Но вместо того, чтобы окончательно разомлеть под непрерывными поглаживаниями, пёс внезапно оживился и, взяв в зубы своё копьё, принёс мне.
— Ты хочешь поиграть? — спросил я, забыв, что этот милый монстр пока не сказал мне ни слова. А затем бросил копьё подальше в снег. Вышло, конечно, всё равно не слишком далеко, ну так и я не был олимпийским чемпионом или хотя бы воином армии Александра Македонского.
Пёс почему-то посмотрел на меня укоризненно, принёс копьё и снова вручил мне. Мы вновь повторили те же действия, но каждый раз он оказывался всё более озадаченным и расстроенным. Наконец, в четвёртый раз вернув мне копьё, он сделал вид, что хочет откусить мне голову. И только тогда я понял, что делаю что-то не так.
Я рассмотрел копьё внимательнее. Оно было не сплошное, а из нескольких колец белого и чёрного цвета. «Возможно, пёс хочет, чтобы я расположил их в каком-то определённом порядке», — задумался я. Неспроста же это не какая-нибудь дворняжка, а пёс Каталана…

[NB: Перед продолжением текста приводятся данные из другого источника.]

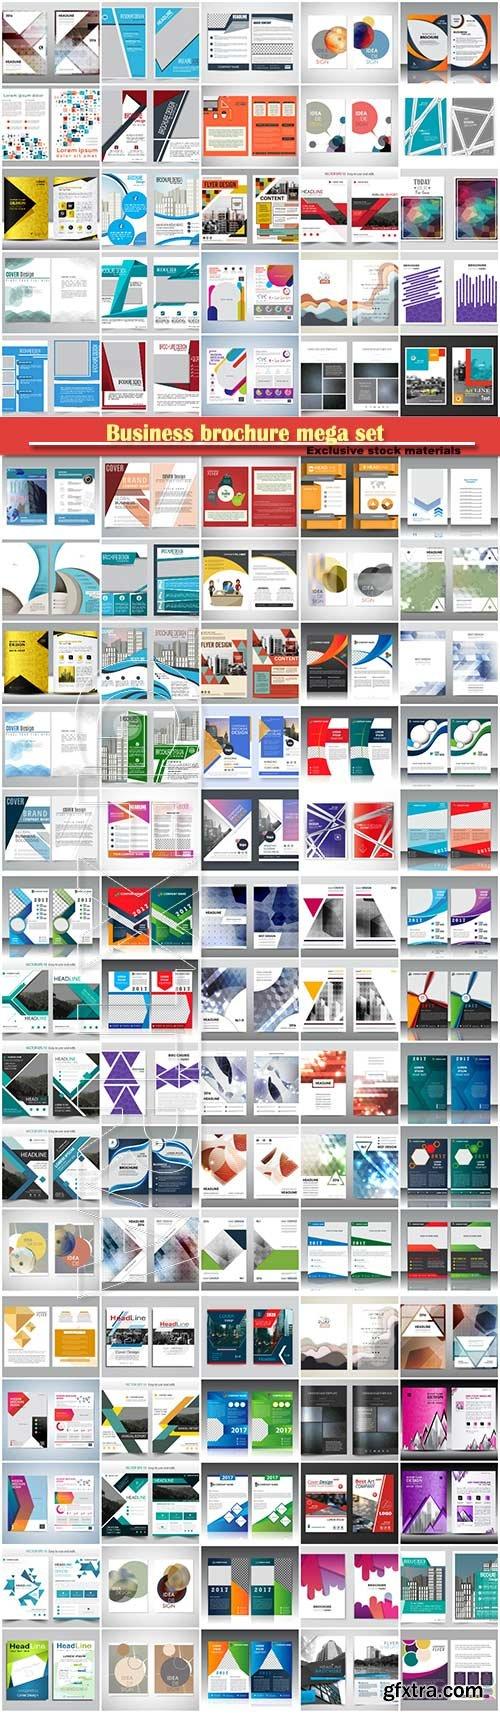 Business brochure mega set, vector flyers template # 3

И тут меня осенило вновь. Я снял кольца, а затем сперва надел все чёрные, а после — все белые. И вновь бросил копьё.
После этого я едва не задохнулся в сугробе, куда от разочарования закопал меня пёс.
— Всё, всё, я понял, понял, — отплёвываясь от снега и чувствуя, как немеют мои пальцы, отмахнулся я от него. — Значит, белые кольца — это открывающие скобки, а чёрные — это закрывающие.

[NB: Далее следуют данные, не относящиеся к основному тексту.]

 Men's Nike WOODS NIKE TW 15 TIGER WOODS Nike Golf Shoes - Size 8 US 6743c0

Составив таким образом на этот раз правильную скобочную последовательность из колец, я получил ещё одно радостное облизывание всего лица. Однако после этого мне пришлось изрядно повозиться, ведь пёс Каталана не отпускал меня, пока я не составил все правильные скобочные последовательности на кольцах его копья. Мне невероятно повезло, что колец было всего десять, в противном случае я бы переставлял их до самой весны.
Убив около часа на этого хорошего мальчика, я продолжил путь. На дороге то и дело мне попадались «головоломки», похожие на те, что я видел в руинах, и такие же простые. Я собирался было решить ещё одну, щёлкнув переключателем, как ко мне с радостным лаем подскочила ещё одна миловидная собачка.
«Пёс Фибоначчи», — прочёл я на её ошейнике и нашёл это довольно логичным: всё же числа Каталана и Фибоначчи пускай и разные, но часто идут бок о бок.
— С тобой я справлюсь в два счёта, пушистик, — уверенно произнёс я, гладя его по голове. Неожиданно, его шея немного вытянулась. Он попытался уронить меня, подпрыгнув и поставив лапы на мои плечи, но был куда меньше своего собрата, так что я только улыбнулся:
— А ты ещё больший хороший мальчик, чем пёс Каталана, — после чего я вновь не смог отказать себе в удовольствии потрепать его лоб. Пёс вновь подрос. Я нахмурился.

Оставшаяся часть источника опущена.